Egyptian President Abdel Fattah al-Sisi meets with U.S. Secretary of State John Kerry and Egyptian Foreign Minister Sameh Shoukry at the Presidential Palace in Cairo on July 22 to discuss a ceasefire in Gaza.

Egypt’s new military ruler has denied being behind a plan for a Palestinian state in the Sinai Peninsula that was this week being welcomed by Israeli politicians and dismissed by the Palestinians.

The proposal, from Egyptian army chief-turned president Abdel Fattah al-Sisi, was greeted positively by Israeli ministers, former security chiefs and centrist politicians, who said it was “worth discussing seriously”.

 

Egyptian President Abdel Fattah al-Sisi (right) meeting with U.S. Secretary of State John Kerry and Egyptian Foreign Minister Sameh Shoukry (left) in Cairo on July 22 to discuss a possible ceasefire in Gaza.

However, a Foreign Ministry spokesman distanced Sisi from the reports, saying the thought originated with his predecessor – ousted Muslim Brotherhood president Mohammad Morsi. 

The initiative would see an enlarged and demilitarised Gaza, roughly five times its current size, together with autonomous West Bank cities – all coming under the rule of the Palestinian Authority, which is currently led by Mahmoud Abbas.


Abbas has reportedly dismissed the framework in its entirety, but that has not stopped a range of Israeli politicians pushing for the idea to be developed.

“There are elements that are worth discussing despite Abbas’ refusal,” said Science and Technology Minister Yaakov Peri, a former Shin Bet intelligence chief. “It could solve problems that weren’t given a response in talks so far.”
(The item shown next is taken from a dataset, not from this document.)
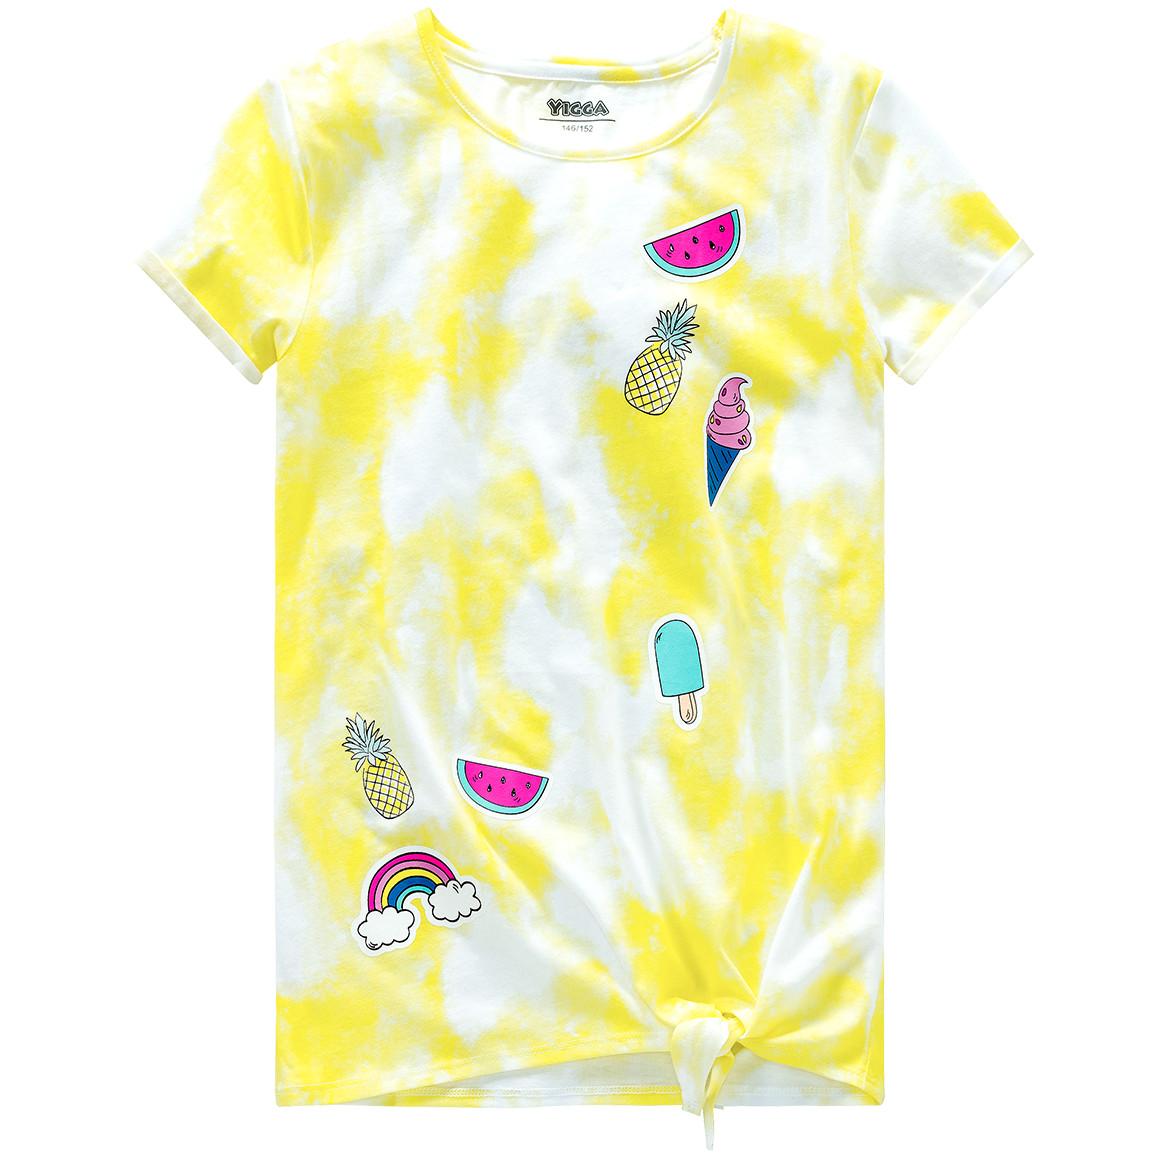 Mädchen T-Shirt im Batik Look

He was joined in his openness to the proposal by far-right politician Ayelet Shaked, a chairwoman of Naftali Bennett’s Jewish Home, who said that the Egyptian president had “discerned what the Israeli Left has refused to understand for decades”.

Adding that the solution to the conflict “must be regional,” she called on Israeli Prime Minister Benjamin Netanyahu to meet with Sisi and examine the initiative.

Asked about the potential problems with the plan, Peri said it needed more thought and discussion, on issues such as Jerusalem and the extent to which West Bank cities would be controlled by the Palestinian Authority.

“The idea that major cities in Judea and Samaria will have autonomy is vague,” he said. “Everyone can understand it in a different way.”

The proposal is the first serious idea to be linked to Egypt’s new strongman leader, whose government helped arrange a Gaza ceasefire this summer and who has won friends in Israel for taking a firm stand against Islamist group Hamas. 

Sisi had earlier unseated the democratically-elected Muslim Brotherhood in a bloody coup in 2013, killing up to 1,000 supporters, jailing its leaders and ultimately outlawing the group. He was subsequently elected with 97% of the vote.